Well positioned heading into Q4

KBN reached the end of Q3 2016 with 85 per cent of its annual total funding volume raised across a variety of markets.

Due to a fairly well advanced funding programme heading into the summer, KBN’s funding activity was selective and targeted the mid-longer end of the curve. Funding highlights included a successful new 5yr USD 1.0bn Benchmark, an inaugural Formosa Bond and selective issuance in longer dated in maturities. 

As of 30 September, KBN has raised approximately USD 8 billion equivalent, via 233 individual trades across 11 different currencies.


Net interest income was NOK 970 million during H1 2016 against NOK 803 million in the same period of 2015. This reflects good margins in the operations during the first half year as well as good growth in lending.

Profit for the second quarter 2016 was minus NOK 203 million, down from NOK 480 million in the same period last year. The negative result in the second quarter is owing to net unrealised losses on financial instruments of NOK 697 million as compared to a gain of NOK 295 million in the same period last year.

The unrealised losses in the second quarter are related to funding operations and hedging derivatives, as well as fixed-rate loans to customers. KBN’s net interest income in the second quarter of 2016 was NOK 467 million, up from NOK 404 million in the same period last year.

KBN’s operational performance is solid. The increase in net interest income is owing to good margins within KBN’s main areas of operation, as well as satisfactory growth in lending.

Unrealised value changes contributed to the profit of NOK 55 million during the first six months compared to NOK 520 million in the same period last year. The low profit reflects that NOK 814 million was allocated to net unrealised losses on financial instruments, against a loss of NOK 13 million for the corresponding period last year. As the financial instruments are normally held to maturity, the effect of the unrealised value changes on the profit is reversed when the market movements are reversed or when the financial instruments matures.

USD Benchmark Return

On Tuesday 13th September 2016, Kommunalbanken Norway (“KBN”), rated Aaa/AAA, launched a new US$1 billion “no grow” 5-year RegS/144a benchmark at mid-swaps plus 33bps. This equated to a spread of 33.25bps over the benchmark UST 1.125% Aug 2021. The transaction carries a 1.500% semi-annual coupon and a re-offer yield of 1.538% semi-annual.

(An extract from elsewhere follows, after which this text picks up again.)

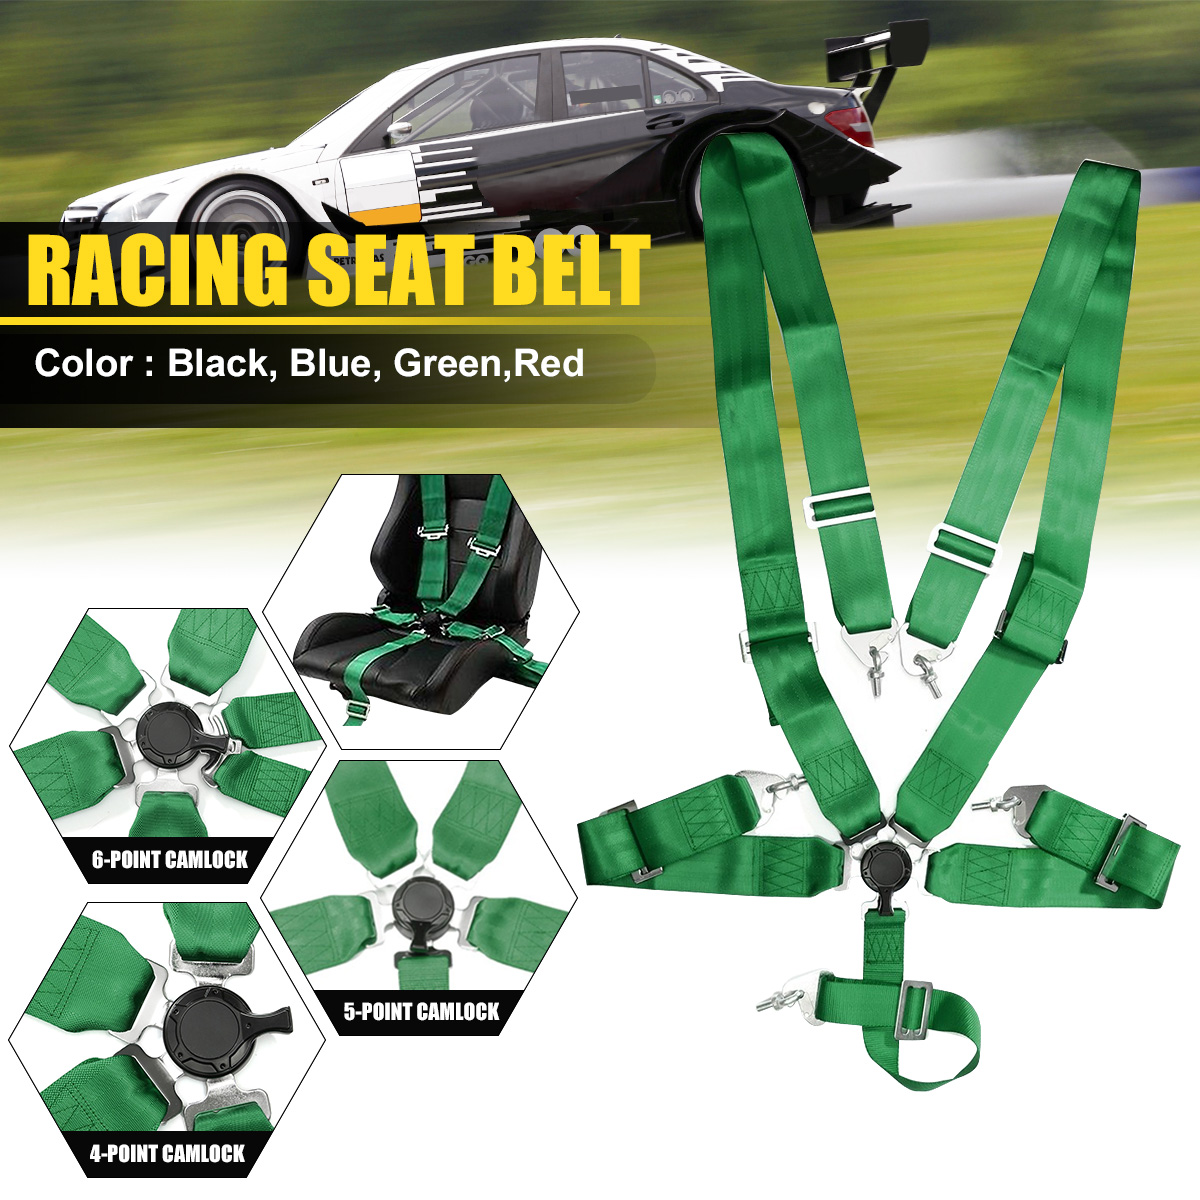 Carro de corrida cinto de segurança 4 5 6 ponto cam bloqueio corrida cinta ajustável arnês náilon universal veículo corrida segurança cinto segurança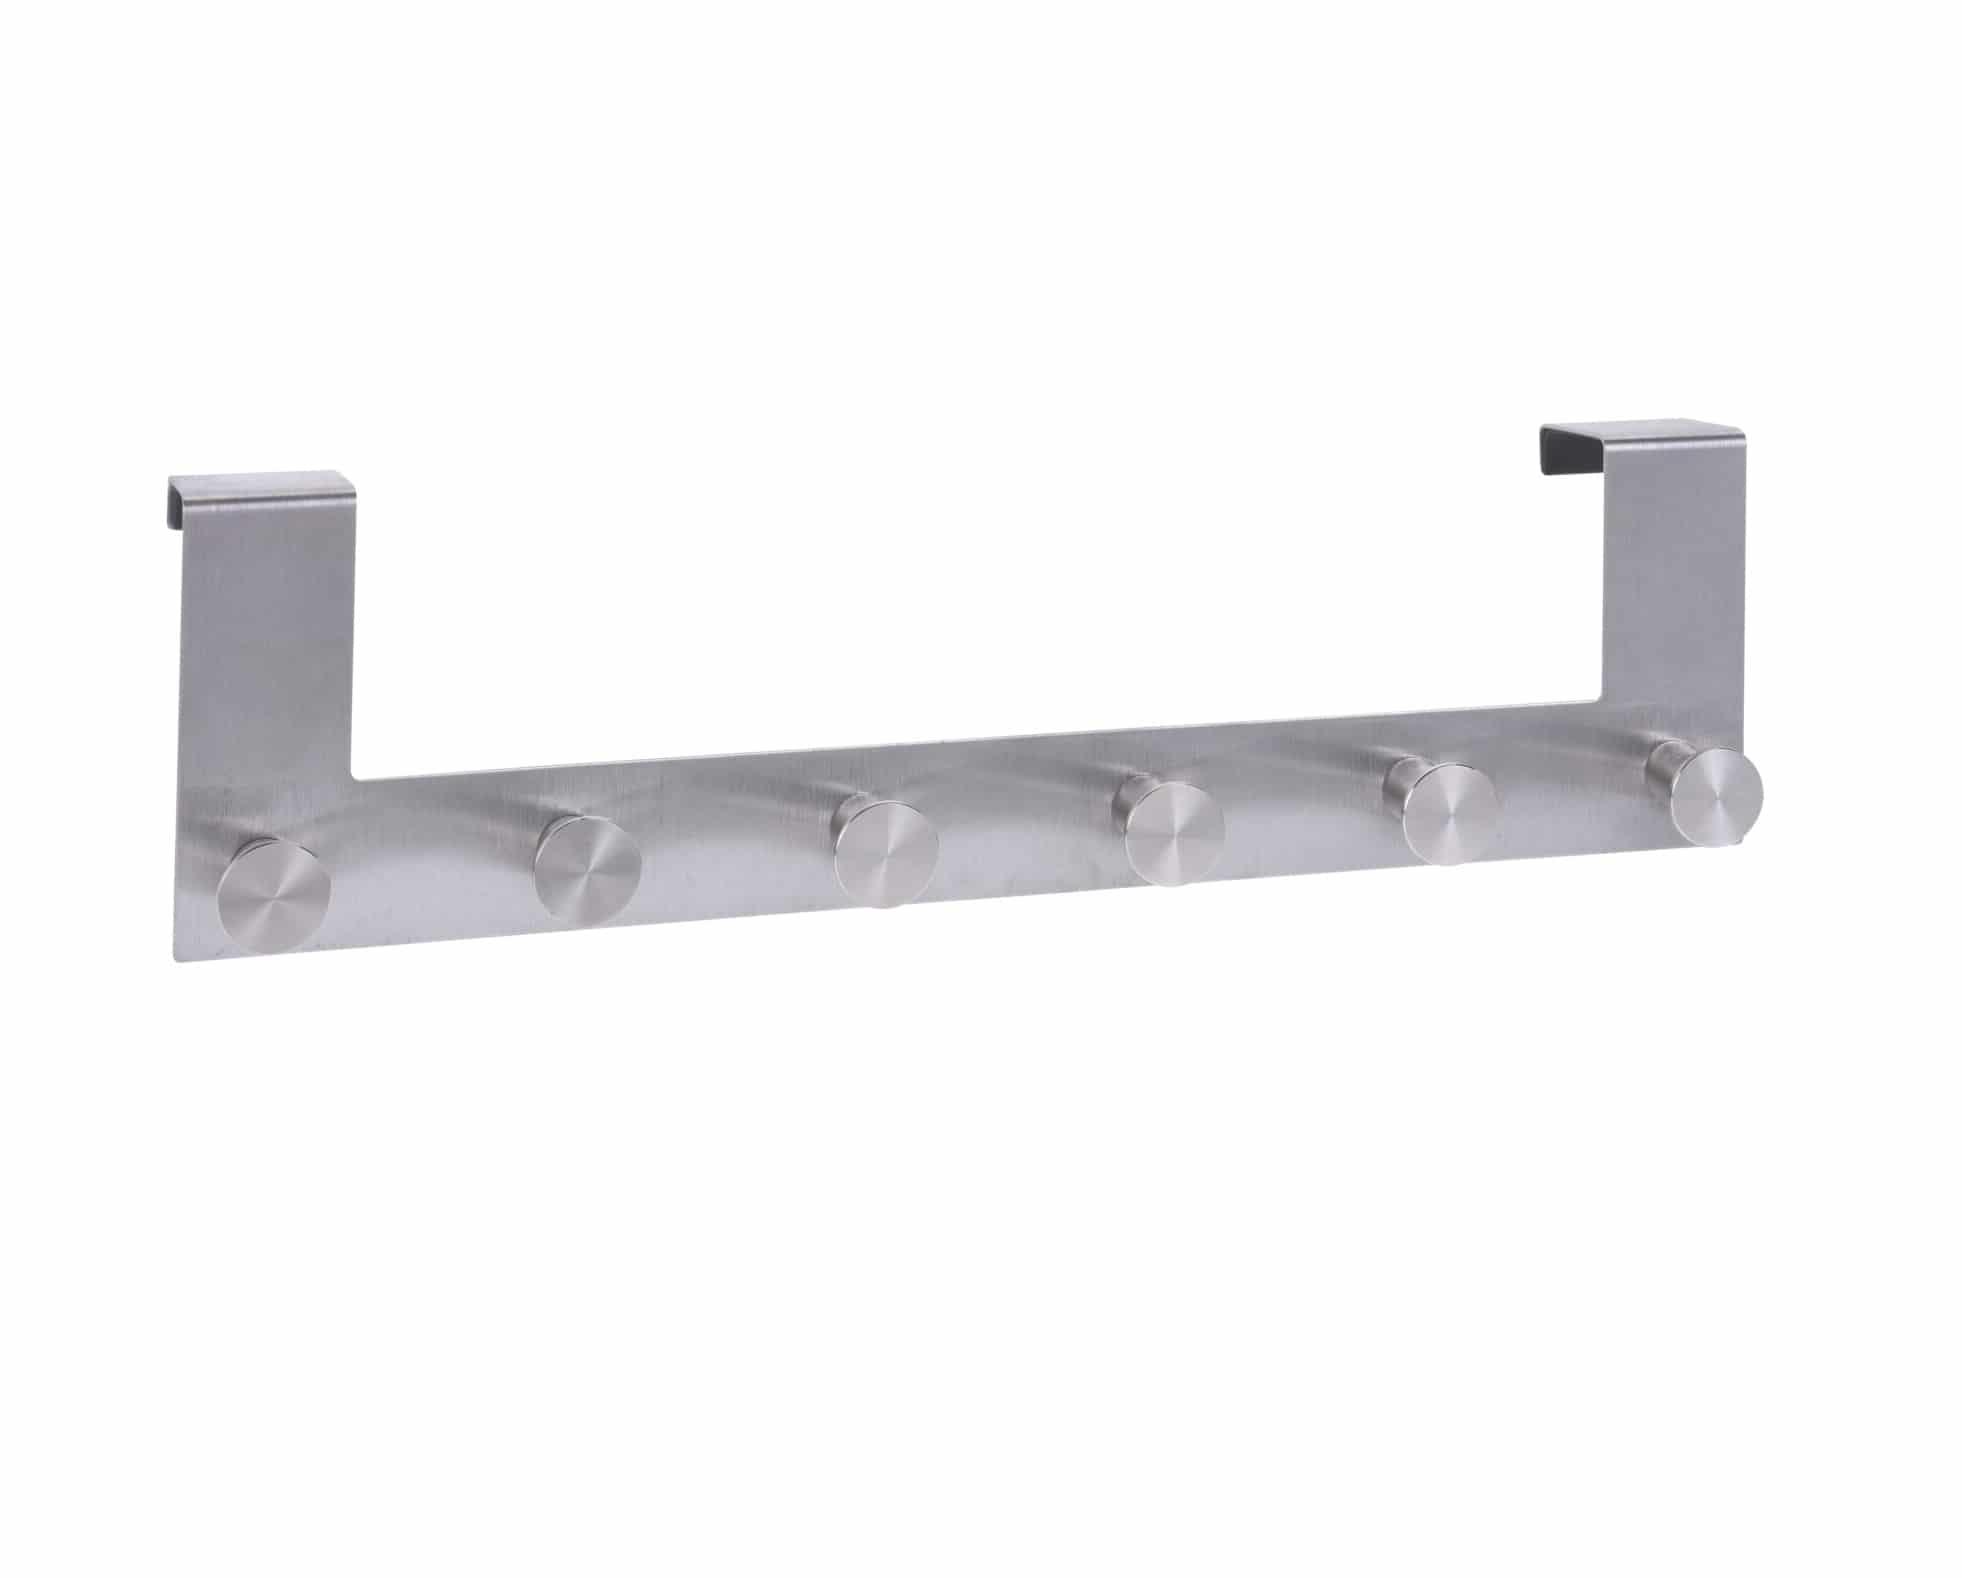 4goodz Deurkapstok RVS met 6 knoppen - 7,5x42x17 cm - Zilver

This highly successful new issue represents KBN’s second US Dollar benchmark this year, and the significant oversubscription and price inelasticity amongst investors demonstrates the robust confidence that the global investor base has in the KBN credit and Norway.

The degree of interest for this $1bn ‘no grow’ trade meant that price guidance was revised multiple times throughout the process and books were closed with 57 orders totalling in excess of US $2 billion.

The trade enjoyed well balanced distribution with central banks and official institutions accounting for 54%, banks 36%, asset managers 9% and insurance /pension demand 1% of the deal. Geographically US investors taking 33% of the deal, followed by accounts from Europe with 27%, Asia 27%, the Americas 12% and ME/Africa 1%.

Inaugural Formosa Bond

KBN successfully executed its inaugural Formosa transaction in July 2016. The bond is a 30-year Zero Coupon with a call option every 5 years. Total notional size is USD 110 million.

On 22nd July 2016 Kommunalbanken priced its first Formosa bond, an onshore USD-denominated bond issued by a foreign issuer in Taiwan. The bond, a 30 year Zero Coupon callable, pays an equivalent coupon of 3.30% per year and was upsized from the original USD 80 million size to USD 110 million.

The transaction adds Taiwan to KBNs list of markets for strategic funding and supports KBNs strategy to nurture its presence in niche public markets and ensuring diversified sources of funding. KBN is the first of the Nordic agencies to issue in the Formosa format.  

Local Sector Role in Green Shift

KBN as a long-term partner to the Norwegian Local Government sector, has played a vital role in helping municipalities and counties finance investments in the areas of low-carbon transportation, renewable energy and energy efficiency, water and waste management and carbon friendly or green buildings.

In August, KBN and Zero (an independent, non-profit climate focused environmental foundation) invited politicians to debate the local government sector’s role in Norway’s Green Shift during Arendalsuka. Arendalsuka is an annual forum where national delegates in politics, society and industry meet each other and the public, to debate and develop policies for the present and future.  

The debate centred on how the local government sector can manage the transition to a low carbon society and what opportunities municipalities and regions have in taking a green position. Panel members also discussed the financial aspects of this green shift and the opportunities and challenges this shift entails.

In July 2016, KBN also updated its Green Bond framework based on the Green Bond Principles and a supplemental criteria set for Project selection, documentation and reporting. The new framework has a Cicero second opinion with a Dark Green shading. 

KBN aims to issue its third USD public Green Bond during Q4, with a maturity focus of 3-5 years.